Keto Zucchini Lasagna

Keto Zucchini Lasagna Recipe

Indulge in the deliciousness of a low-carb, keto-friendly twist on a classic Italian dish with this Keto Zucchini Lasagna recipe. By substituting traditional lasagna noodles with thinly sliced zucchini, you can enjoy all the flavors you love without worrying about the carb count. Packed with layers of savory marinara sauce, creamy ricotta cheese, and flavorful ground beef, this dish is sure to satisfy your cravings while keeping you on track with your ketogenic lifestyle. Not only is it mouthwateringly delicious, but it’s also easy to prepare and perfect for sharing with family and friends.

Prep Time: 20 minutes
Cook Time: 40 minutes
Total Time: 1 hour
Servings: 6

Nutrition Information (per serving):

  • Calories: 320
  • Total Fat: 22g
  • Saturated Fat: 10g
  • Cholesterol: 95mg
  • Sodium: 680mg
  • Total Carbohydrates: 8g
  • Dietary Fiber: 2g
  • Sugars: 4g
  • Protein: 23g


  • 2 large zucchinis, thinly sliced lengthwise
  • 1 pound ground beef
  • 1 small onion, diced
  • 2 cloves garlic, minced
  • 1 (24 oz) jar of sugar-free marinara sauce
  • 1 cup ricotta cheese
  • 1 cup shredded mozzarella cheese
  • 1/4 cup grated Parmesan cheese
  • 1 tablespoon olive oil
  • 1 teaspoon dried oregano
  • 1 teaspoon dried basil
  • Salt and pepper to taste
  • Fresh basil leaves for garnish (optional)


  1. Preheat your oven to 375°F (190°C). Grease a 9×13-inch baking dish with nonstick cooking spray.
  2. Warm olive oil in a large skillet over medium heat. Cook for 3-4 minutes, until the onion and garlic have softened and become fragrant.
  3. Add ground beef to the skillet and cook until browned and no longer pink, breaking it apart with a spoon as it cooks.
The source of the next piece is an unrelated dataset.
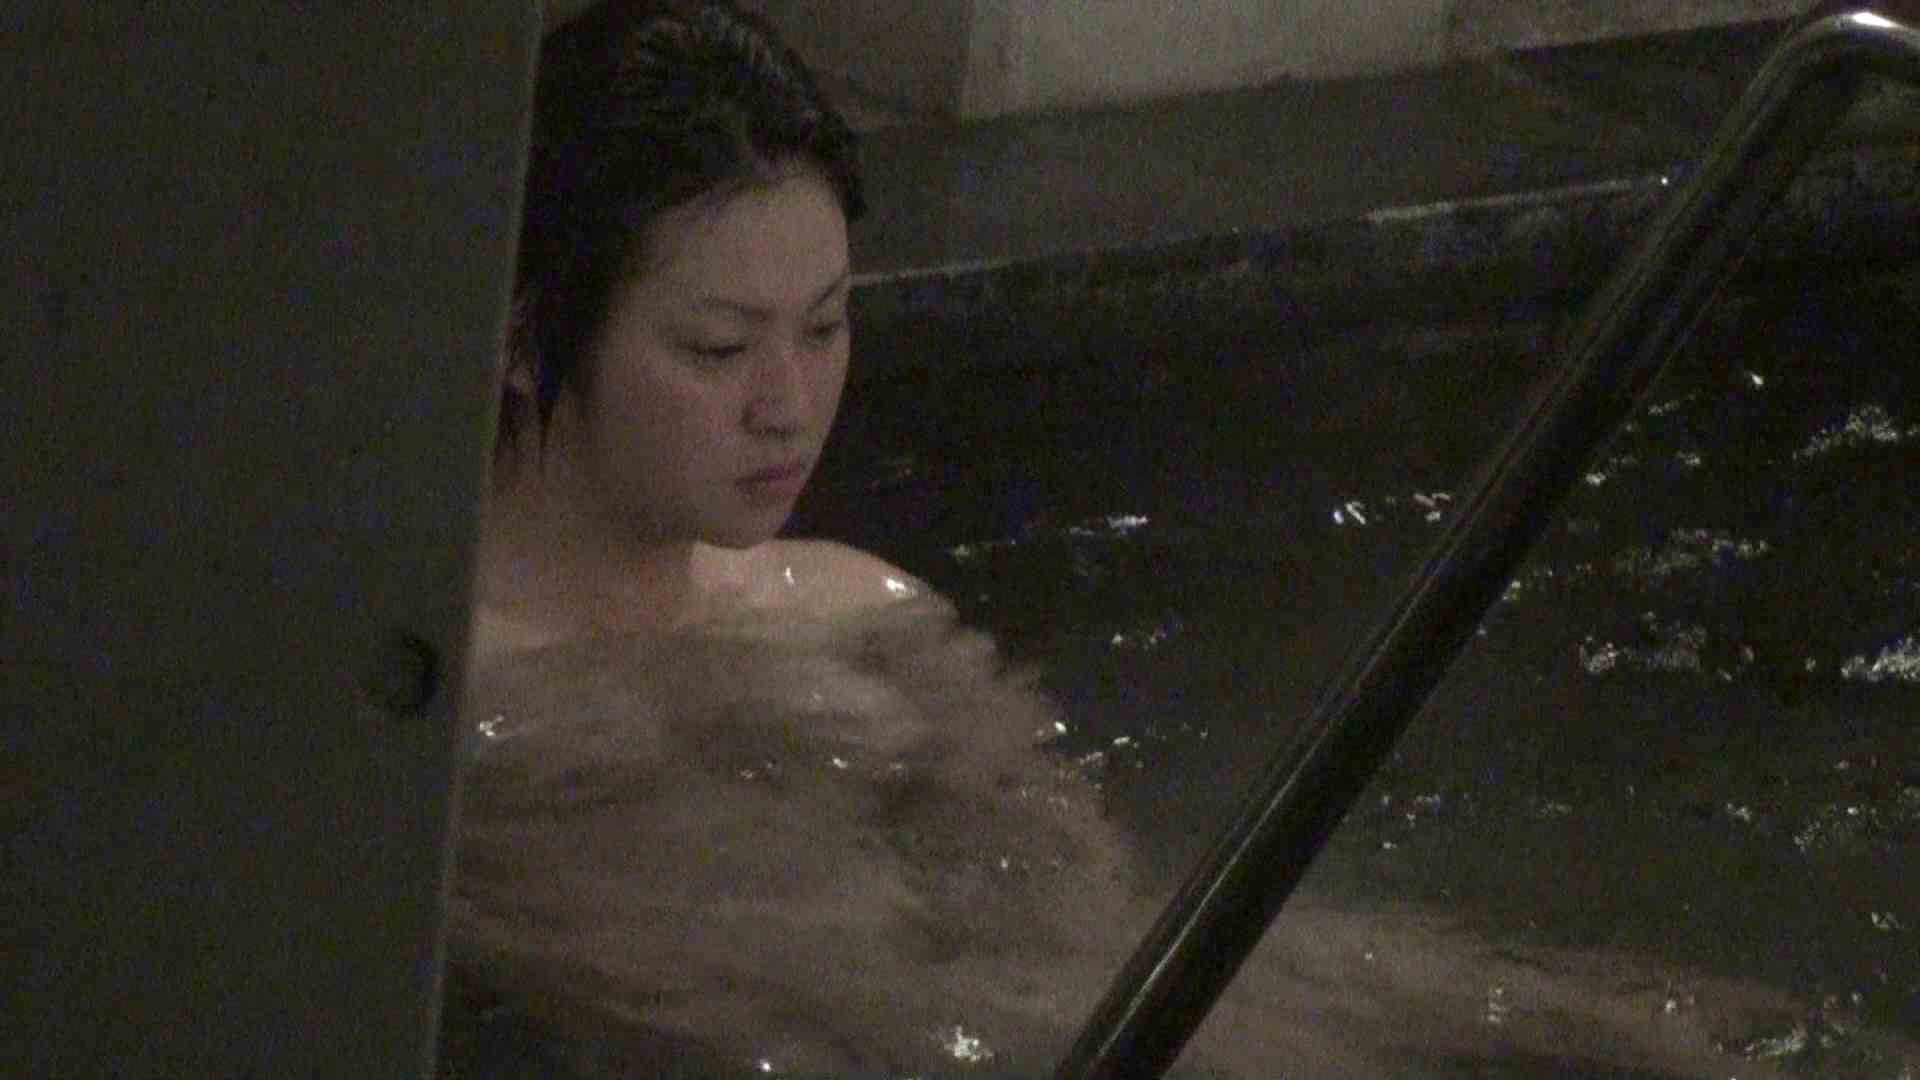 Aquaな露天風呂Vol.338 露天風呂編  82PIX 80

Season with salt, pepper, dried oregano, and dried basil. Drain off any residual grease from the skillet.
  4. Stir in the sugar-free marinara sauce and simmer for 5-7 minutes, allowing the flavors to meld together. Remove from heat and set aside.
  5. Arrange a layer of sliced zucchini in the bottom of the prepared baking dish, overlapping slightly to cover the surface.
  6. Spread half of the ground beef mixture evenly over the layer of zucchini.
  7. Dollop half of the ricotta cheese over the ground beef mixture and spread it out evenly with a spoon.
  8. Sprinkle half of the shredded mozzarella cheese over the ricotta cheese layer.
  9. Repeat the layers with the remaining sliced zucchini, ground beef mixture, ricotta cheese, and shredded mozzarella cheese.
  10. Finish by sprinkling grated Parmesan cheese over the top of the lasagna.
  11. Cover the baking dish with aluminum foil and bake in the preheated oven for 30 minutes.
  12. Remove the foil and bake for an additional 10 minutes, or until the cheese is bubbly and golden brown.
  13. Once done, remove from the oven and let it cool for a few minutes before slicing.
  14. Garnish with fresh basil leaves if desired, then serve and enjoy your delicious Keto Zucchini Lasagna!

This Keto Zucchini Lasagna is a satisfying meal that’s perfect for dinner any night of the week. With its rich flavors and cheesy goodness, you won’t even miss the traditional noodles. Plus, it’s low in carbs and high in protein, making it an ideal choice for anyone following a keto lifestyle. Give this recipe a try and prepare to be amazed by how tasty and satisfying it truly is!